Laws of the Weight Room Only the Mighty

I usually don’t attend the gym much anymore because I work out from home doing bodyweight strength training. However, when I did hit the gym, there were plenty of fitness fails to go around. Definite gym laws need to be mandated. From time to time and in certain circumstances, they may not apply, but in general, here are 10 rules that it wouldn’t hurt you to follow.

1. Rerack the weights. It’s awesome that you can deadlift 620 lbs without hemorrhaging, but remove the plates you layered on after you’ve left the station. Even if the next guy can throw up that much weight, he probably doesn’t want to spend the next 10 minutes unloading the full barbell he didn’t use just to do wrist curls. A general rule of leaving one 45 lb plate on each side of a standard barbell is also considered an acceptable practice.

2. No yelling like a savage.

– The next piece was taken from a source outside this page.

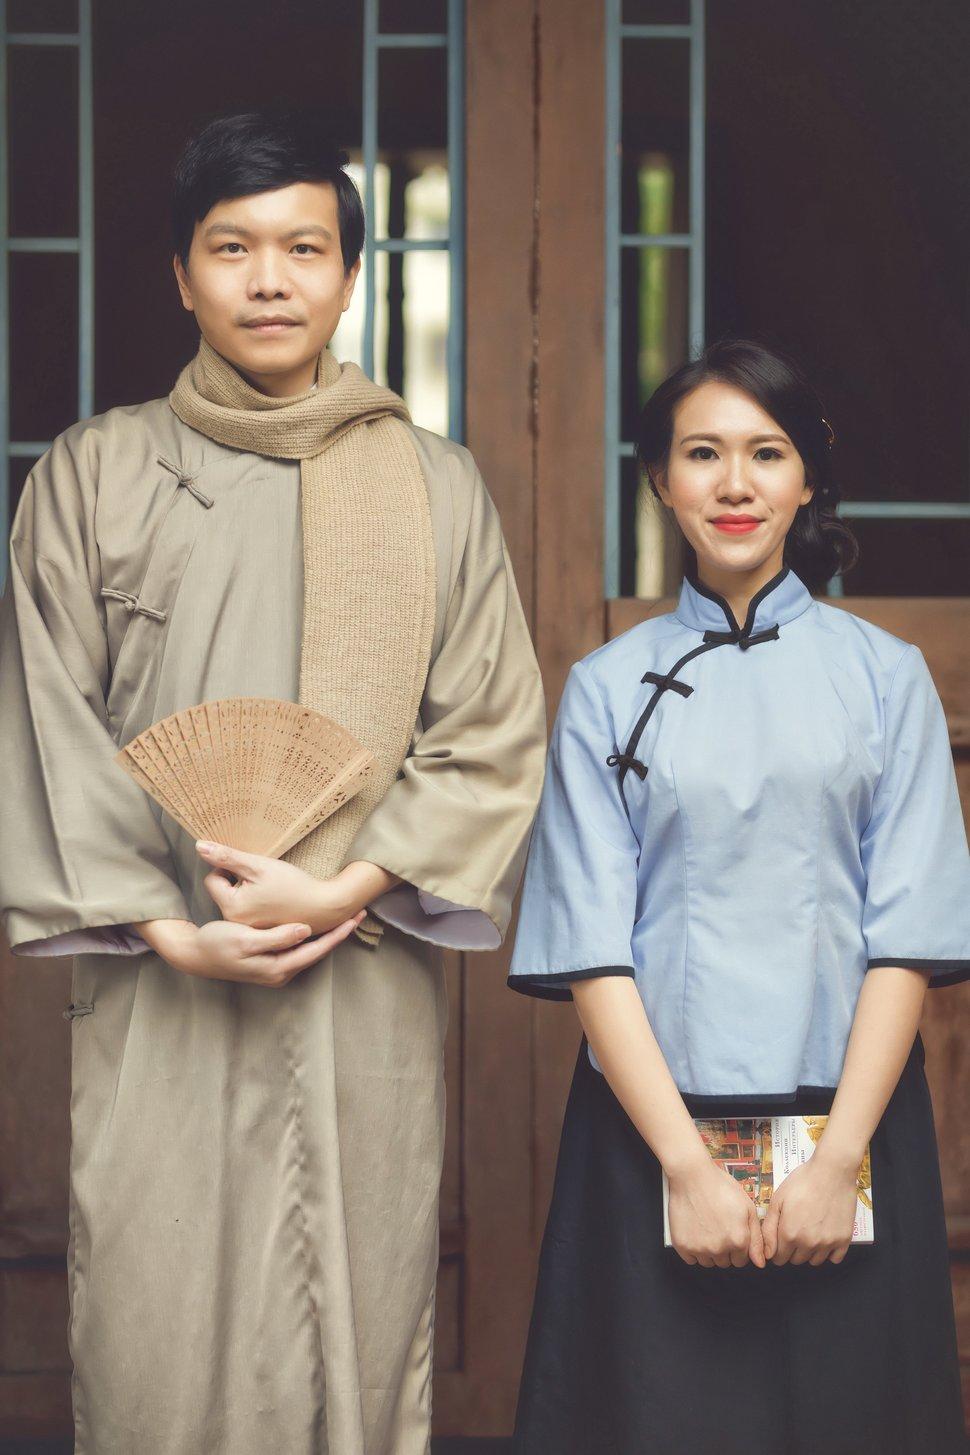 Khalil Chou(經典復古)-9 - 凱勒・周 獨立影像《結婚吧》

If you have to grunt a bit for the last few reps of your last set, or you’re going berserk lifting your one rep max, feel free to get a bit loud. Otherwise, the battle cries are unnecessary. You’re not in an Olympic weightlifting competition or fighting for Sparta. Besides, you should be using that oxygen you’re screaming with to breathe.

3. No staring at other dudes. You should actually never make prolonged eye contact with a dude in the gym. If you want to find out about his workout, go over and ask him about it (briefly or in the locker room). The only exceptions to this should obviously be during a competition or during an unusual and impressive feat. If you want to gawk, go work out at Curves.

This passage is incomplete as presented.